29. A method according to claim 21, wherein up to 750 ng of WNT3A, or the fragment or derivative, is provided per centimetre of wound the healing of which is to be accelerated.

30. A method according to claim 21, wherein up to 18 pmoles of WNT3A, or the fragment or derivative, is provided per centimetre of wound the healing of which is to be accelerated.

31. A method according to claim 21, wherein approximately 100 ng of WNT3A, or the fragment or derivative, is provided per centimetre of wound the healing of which is to be accelerated.

32. A method according to claim 21, wherein WNT3A is provided to a site where wound healing is to be accelerated.

33. A method according to claim 21, wherein a derivative of WNT3A is provided to a site where wound healing is to be accelerated.

34. A method according to claim 21, wherein a derivative of WNT3A having increased resistance to degradation compared to WNT3A is provided to a site where wound healing is to be accelerated.

35. A method according to claim 21, wherein a peptoid derivative of WNT3A is provided to a site where wound healing is to be accelerated.

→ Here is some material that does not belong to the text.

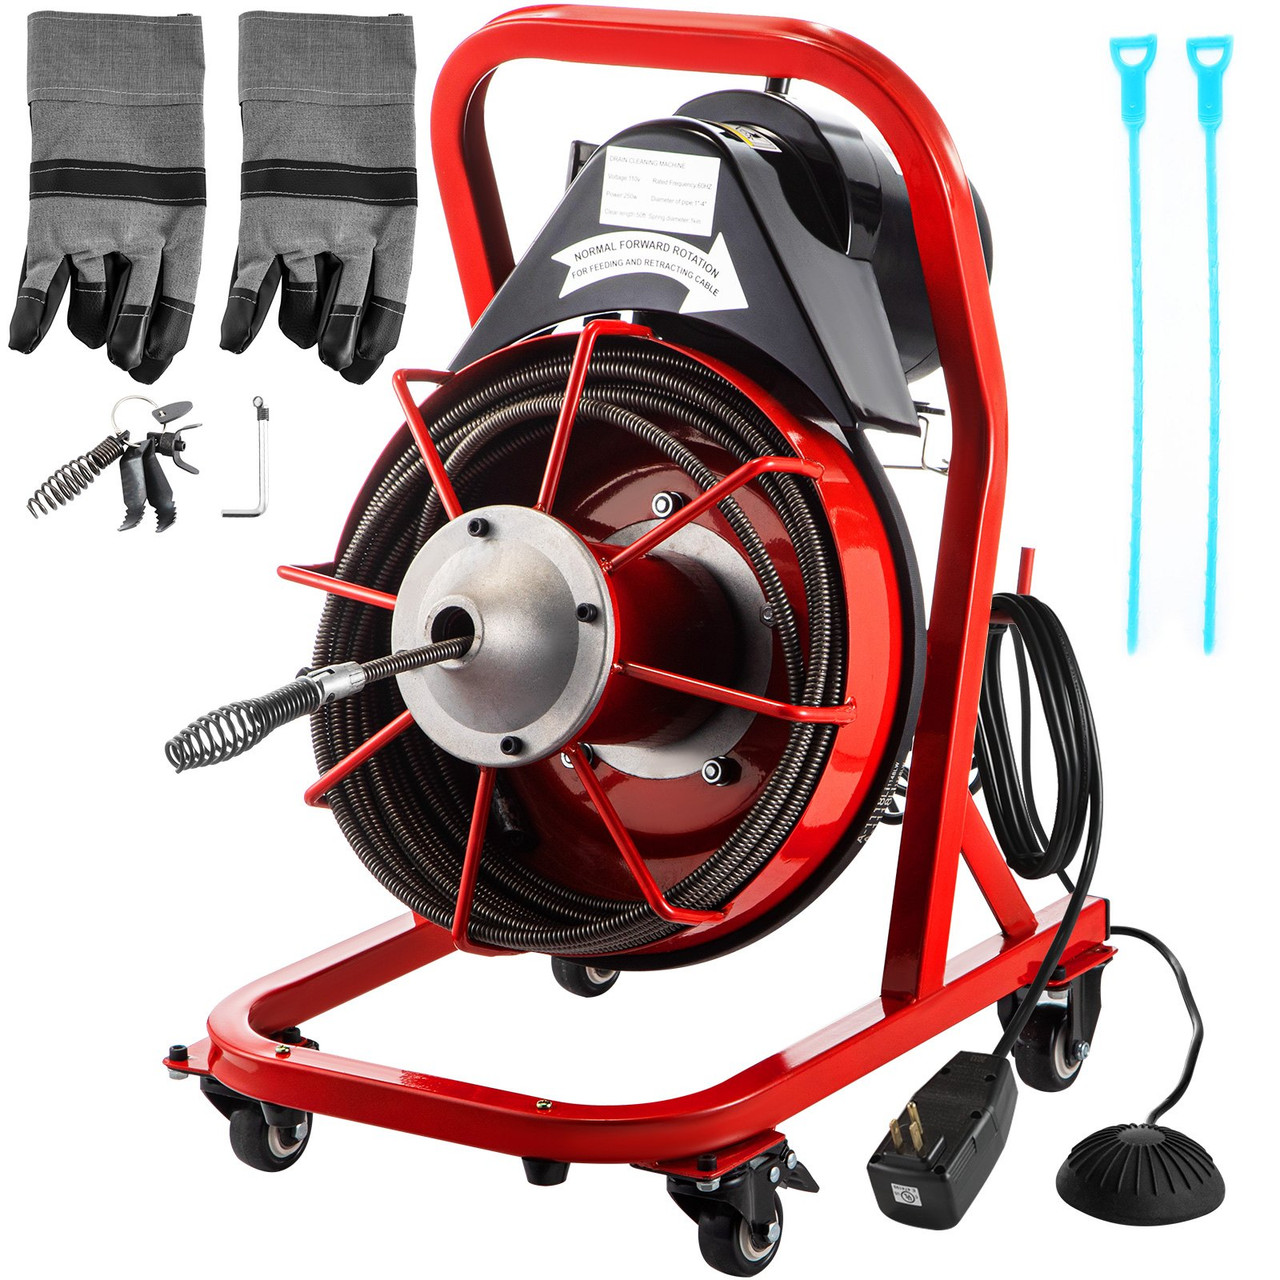 Electric Drain Auger, 50' x 3/8", 250W Sewer Snake Machine Fit 2''- 4'' Pipes, Hair Clog Remover for Bathroom Shower Pipe Drain, Bathtub Hair Clogs, Kitchen Sink Drain Cleaning
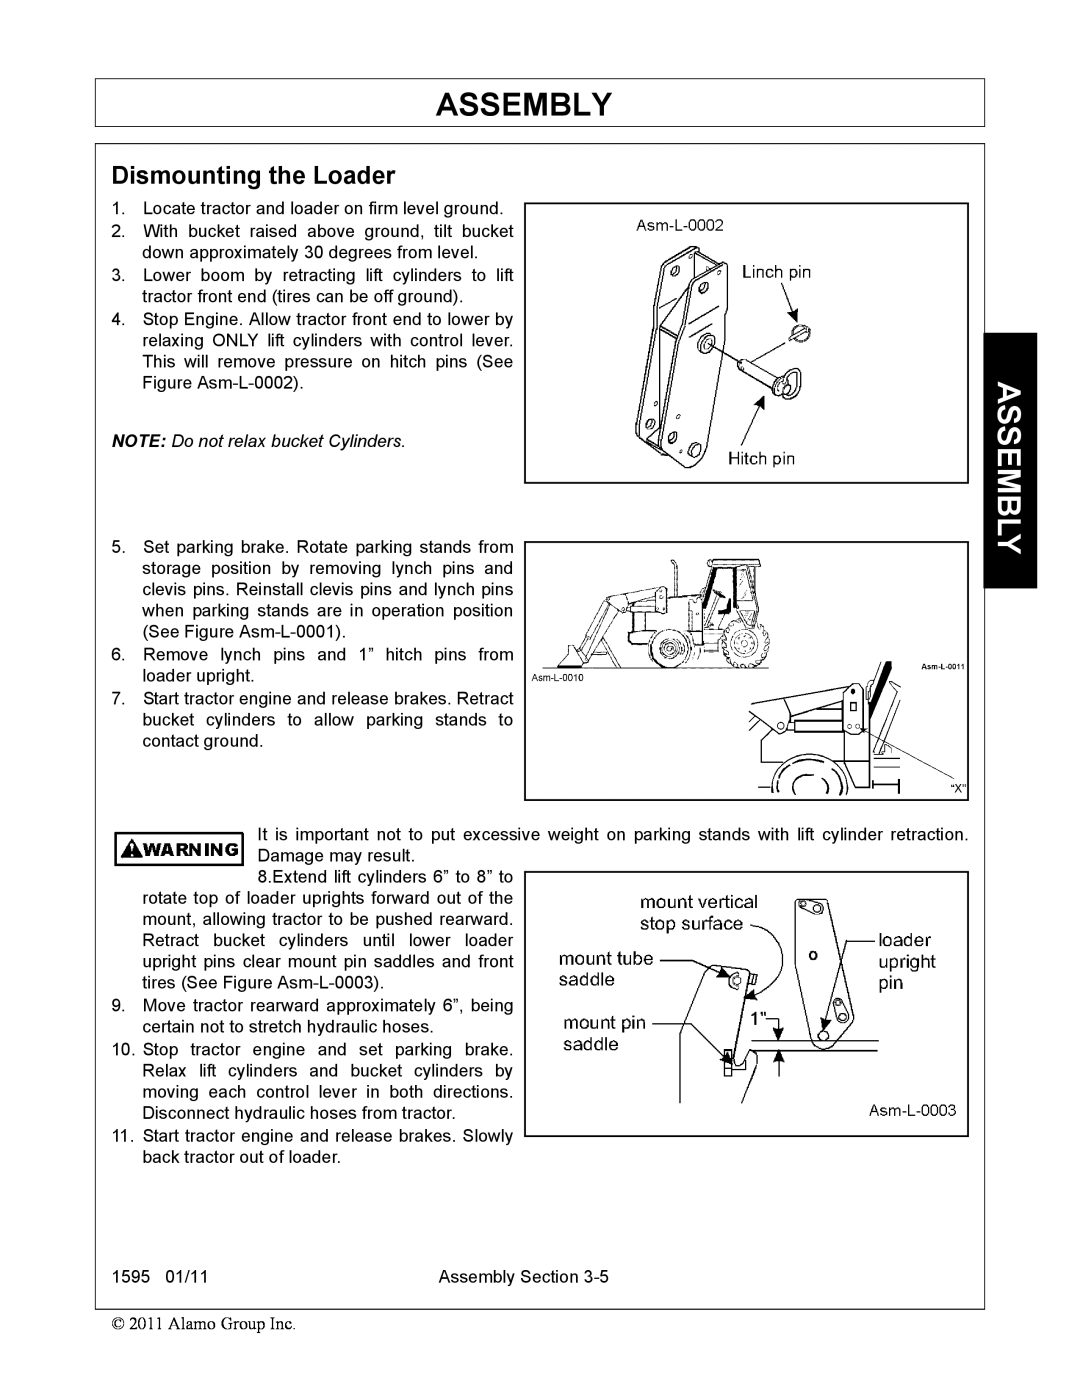 Alamo 1595 manual Assembly, Dismounting the Loader, NOTE Do not relax bucket Cylinders

36. A method according to claim 21, wherein the WNT3A, or the fragment or derivative, is provided to the site where wound healing is to be accelerated by a topical medicament.

37. A method according to claim 21, wherein the WNT3A, or the fragment or derivative, is provided to the site where wound healing is to be accelerated by an injectable medicament.

38. A method according to claim 21, wherein the WNT3A, or the fragment or derivative, is provided to the site where wound healing is to be accelerated by an intradermal injection.